_SUPPLIED DATA_:
————————
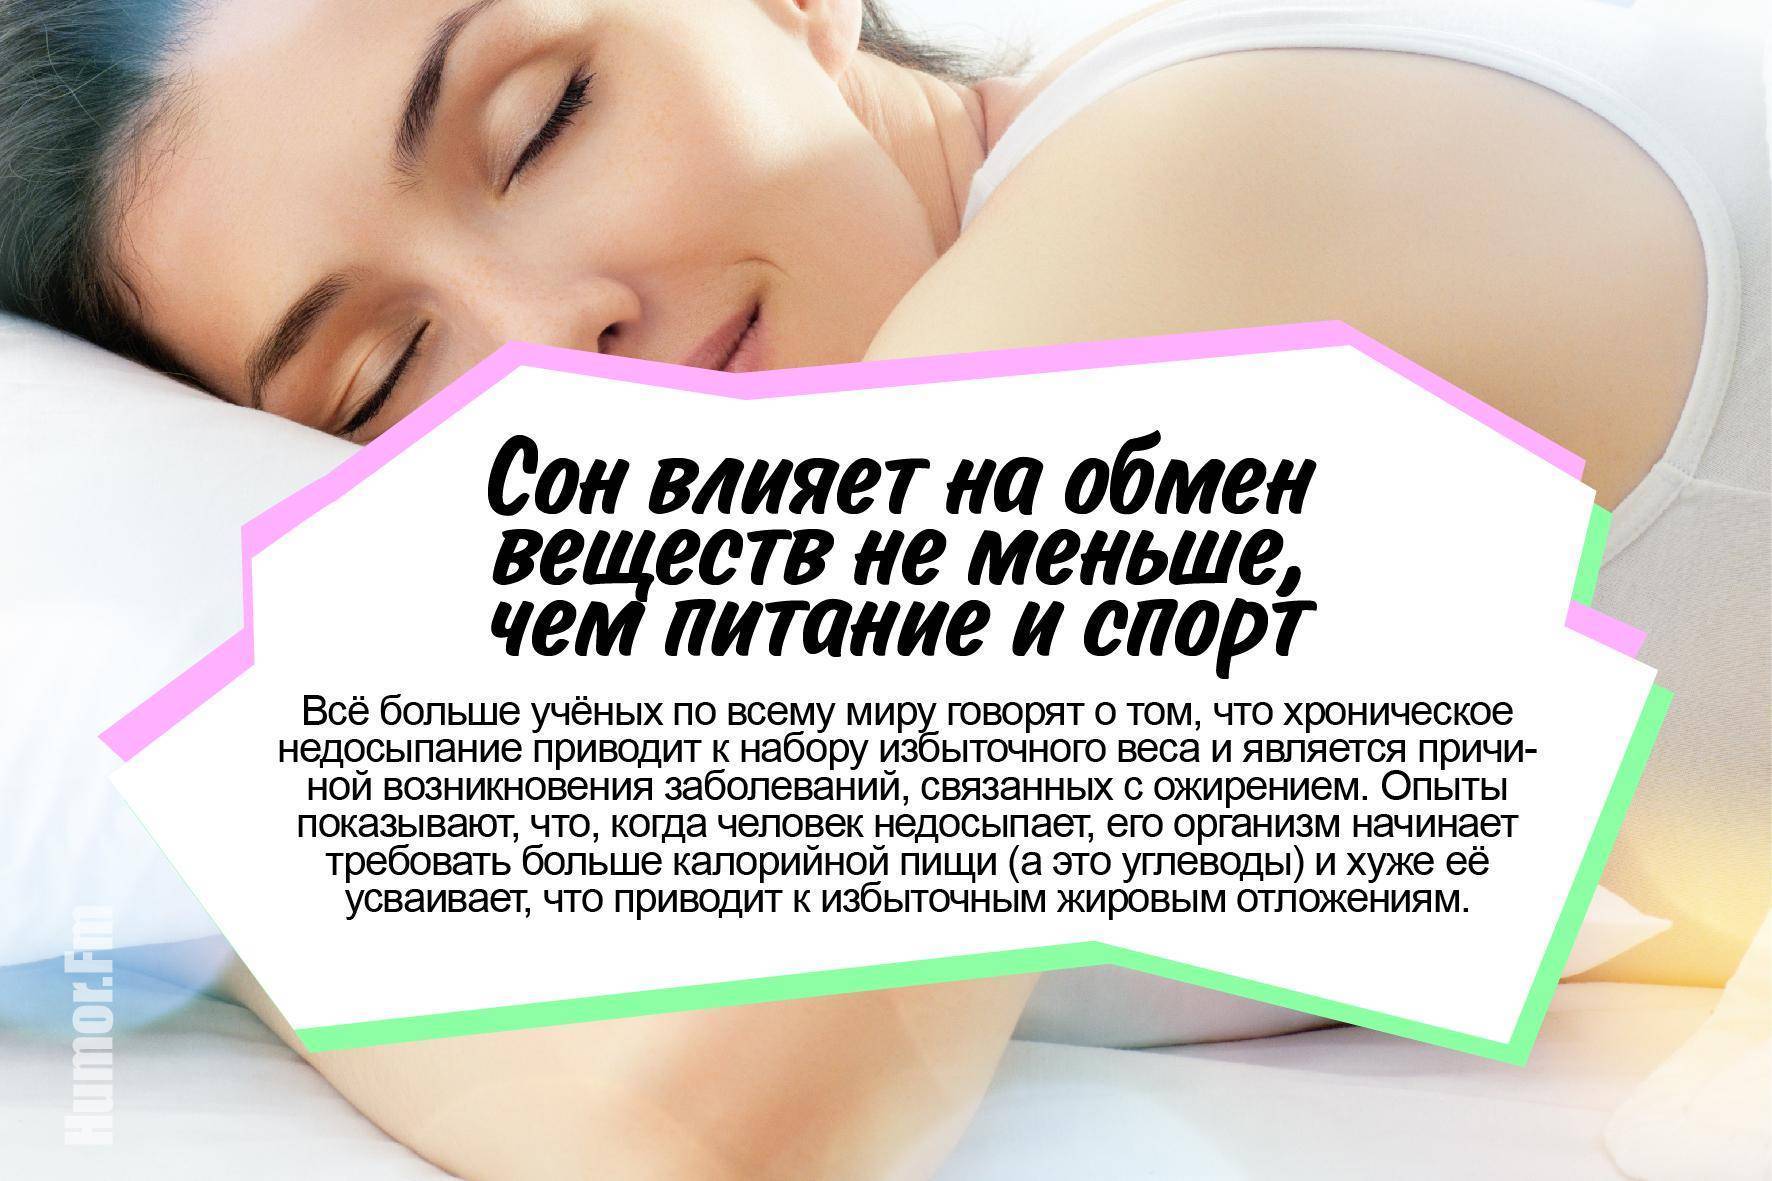 Что нужно знать, чтобы улучшить качество сна?
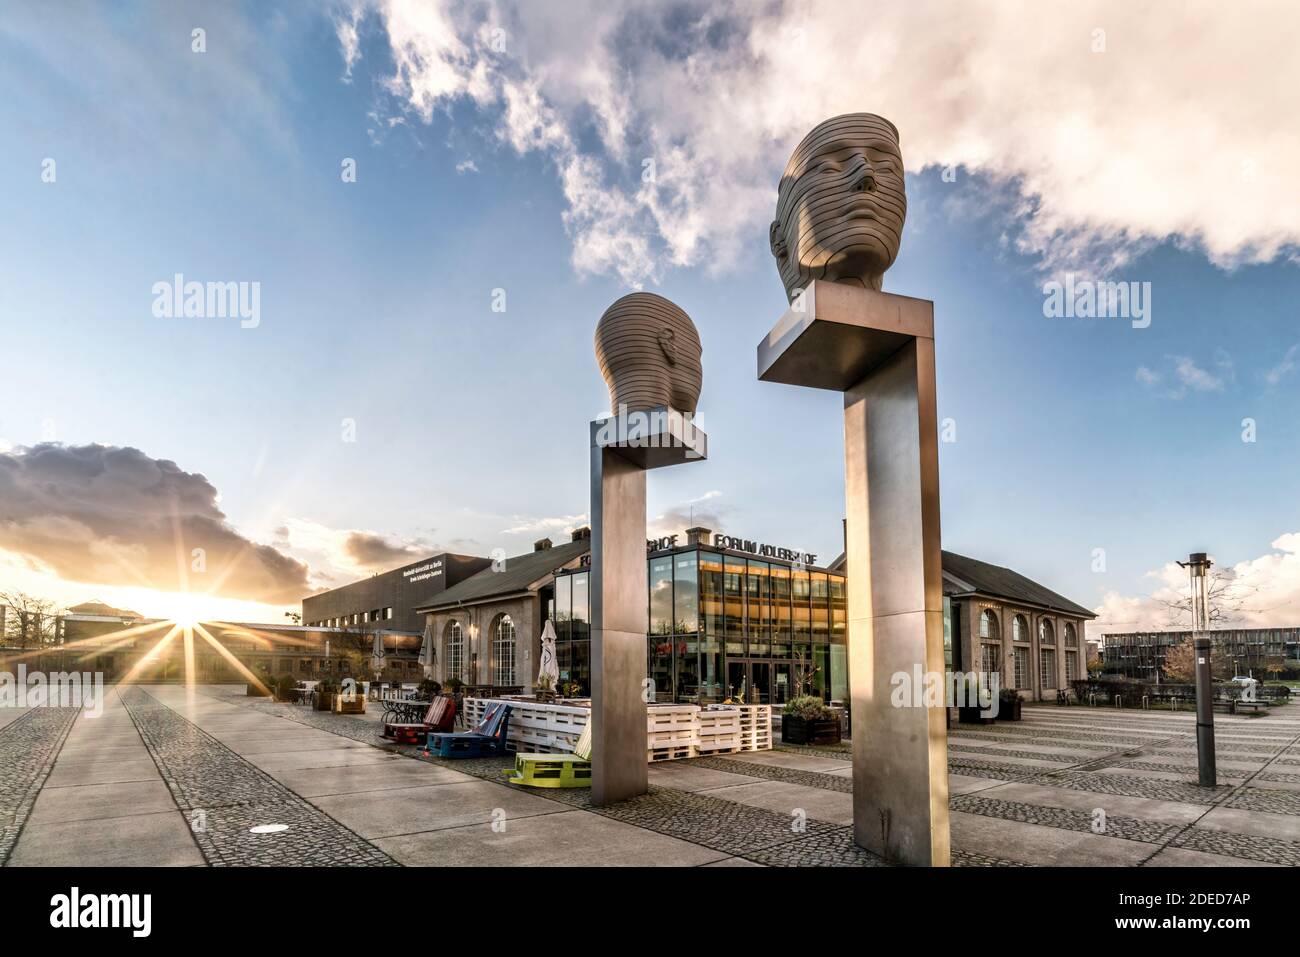 Installazione Kopfbewegung im Forum Adlershof, Projekt der Künstlerinnen Josefine Günschel und Margund Smolka auf dem Campus der Humboldt-Universität, Foto Stock
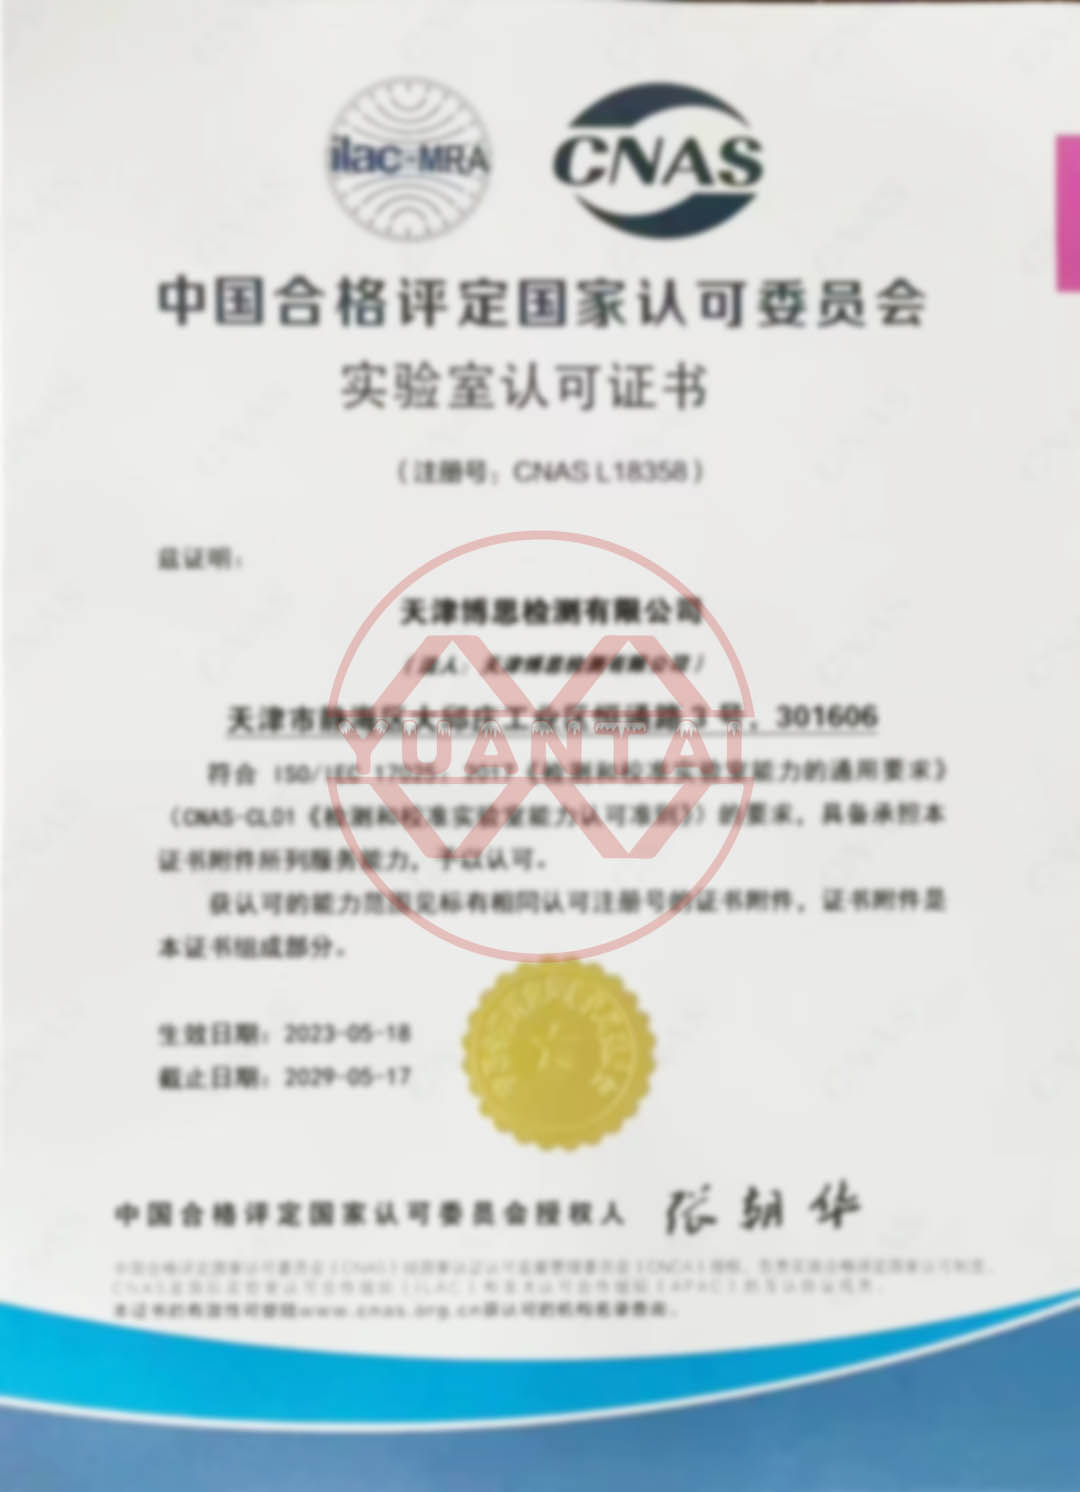 Urime Tianjin Bosi Testing Co., Ltd., një degë e Yuantai Derun Steel Pipe Group, për kalimin e certifikimit CNAS.
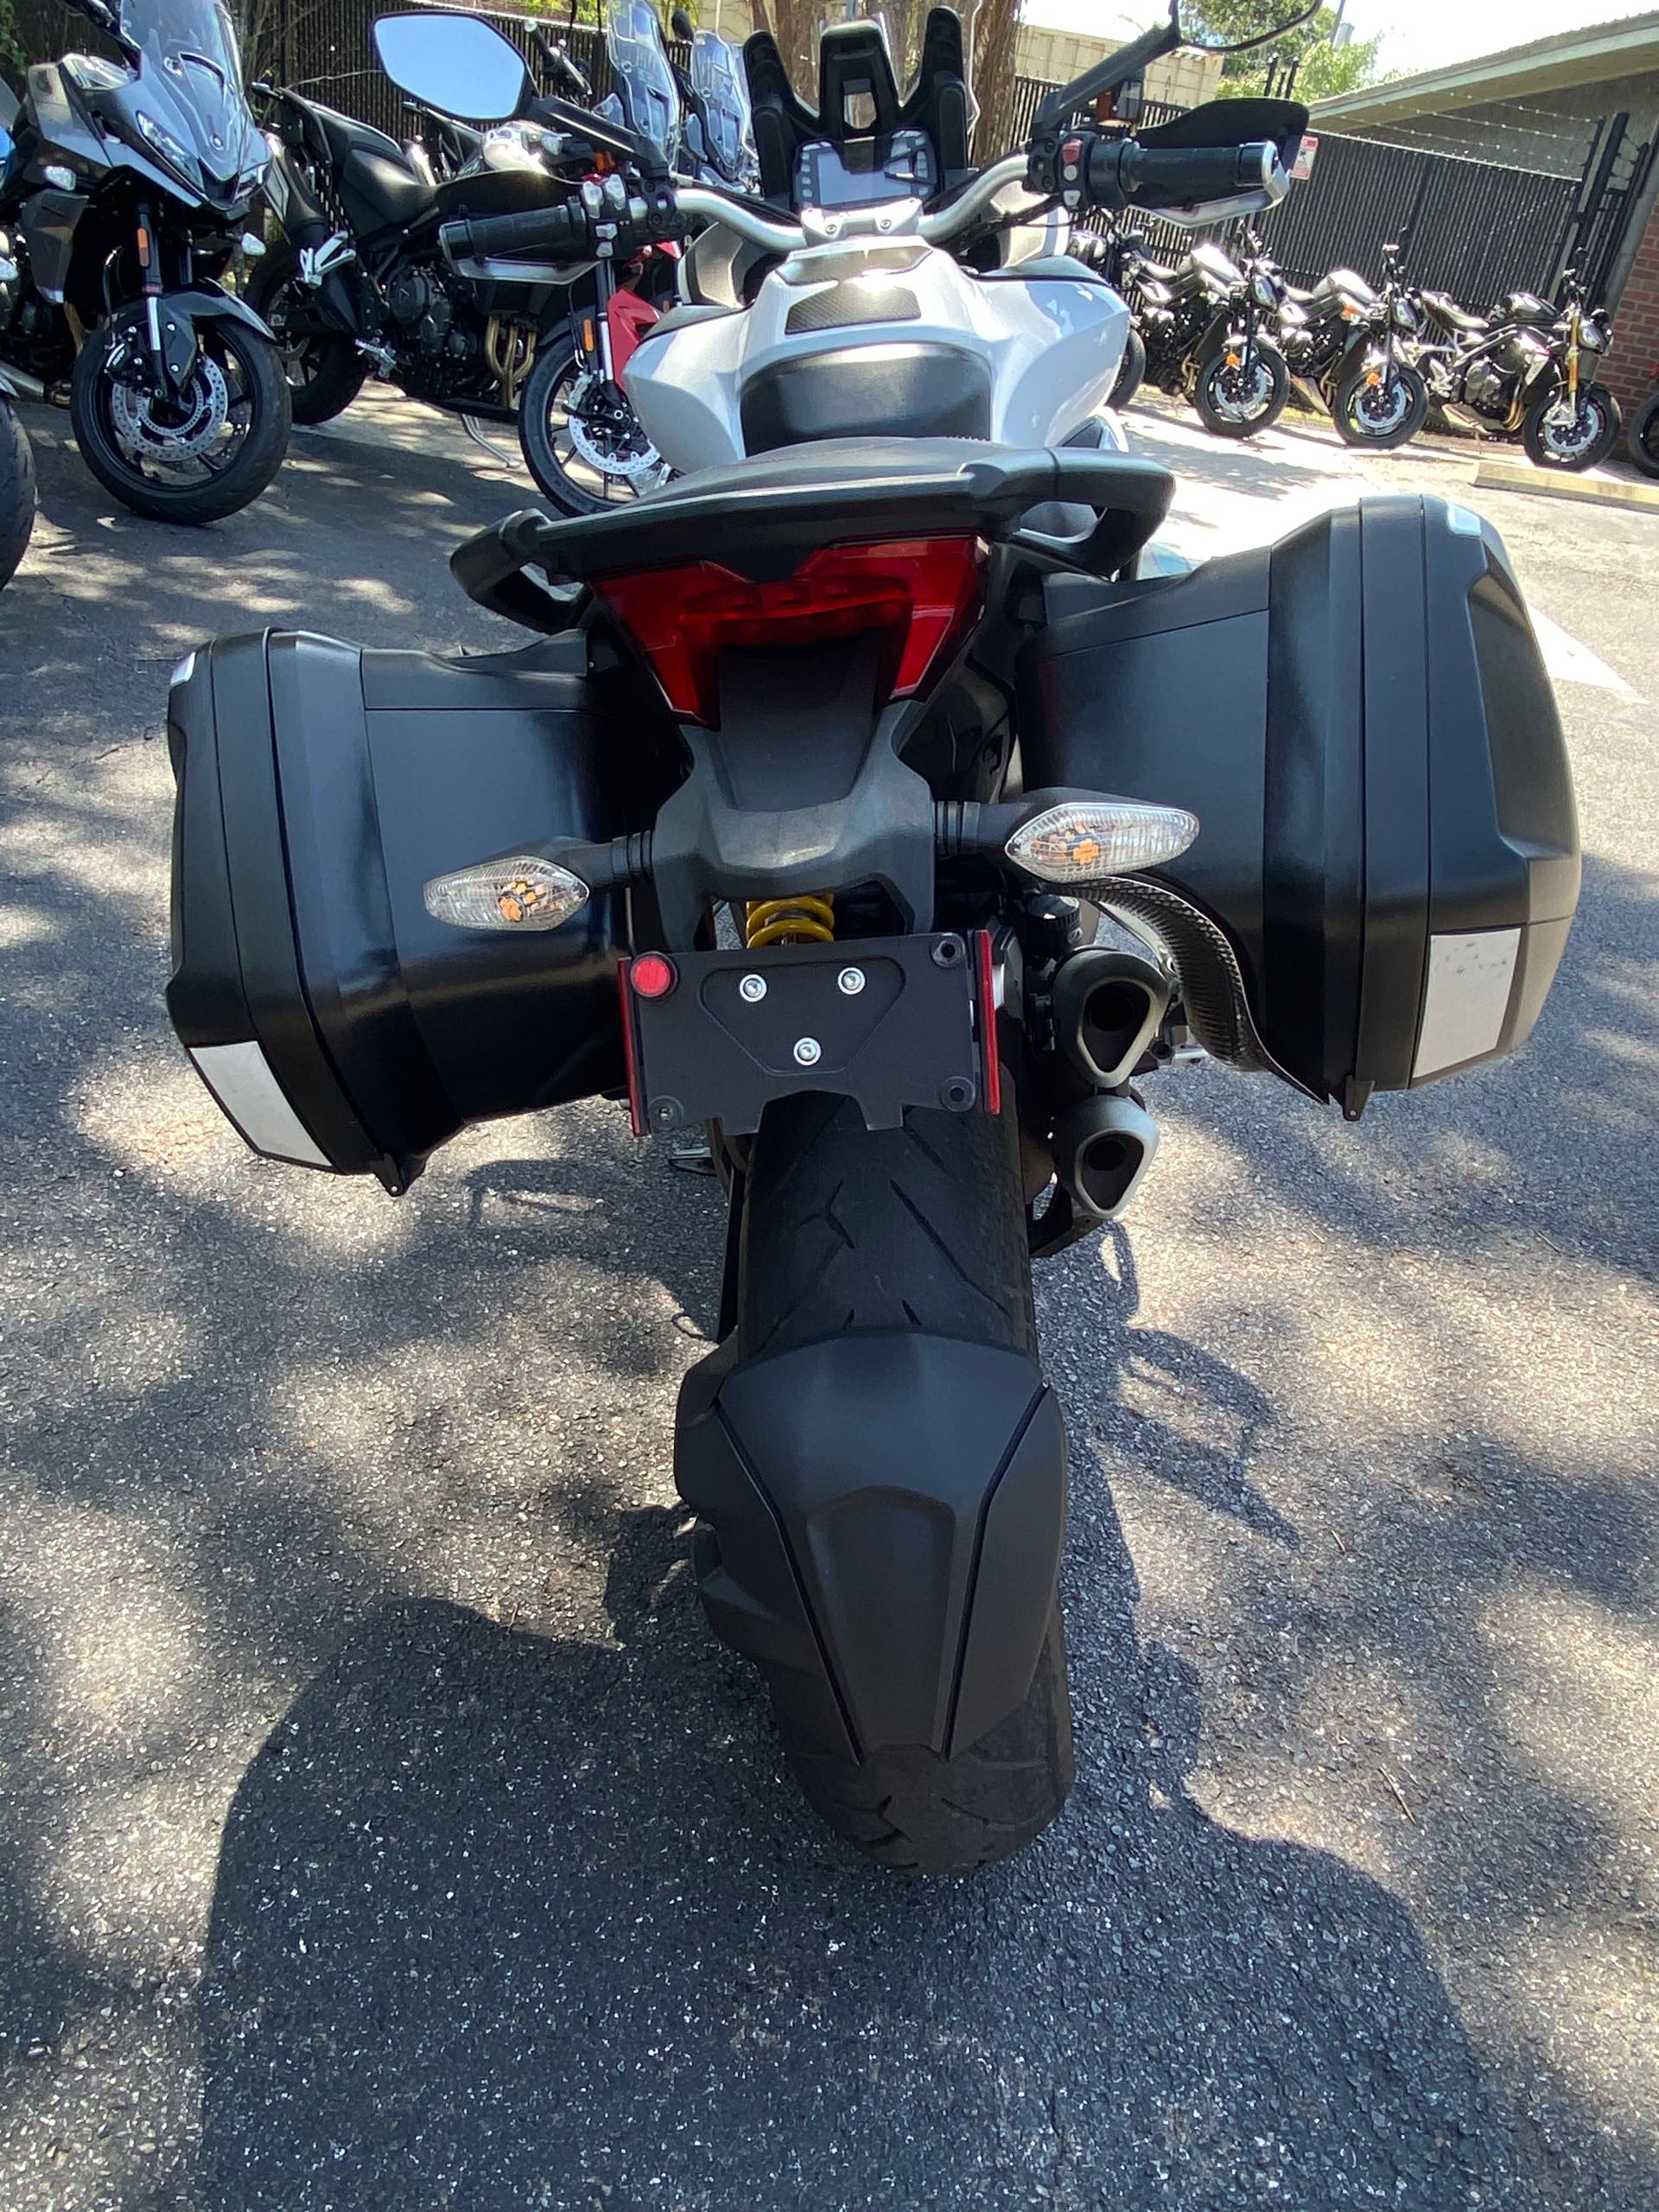 2015 Ducati Multistrada 1200 S at Tampa Triumph, Tampa, FL 33614
————————
_INSTRUCTIONS TO FOLLOW_:
The listing above must be retyped word for word, without the pictures.

_RESULT OF THIS TASK_:
 Что нужно знать, чтобы улучшить качество сна?
 Installazione Kopfbewegung im Forum Adlershof, Projekt der Künstlerinnen Josefine Günschel und Margund Smolka auf dem Campus der Humboldt-Universität, Foto Stock
 Urime Tianjin Bosi Testing Co., Ltd., një degë e Yuantai Derun Steel Pipe Group, për kalimin e certifikimit CNAS.
 2015 Ducati Multistrada 1200 S at Tampa Triumph, Tampa, FL 33614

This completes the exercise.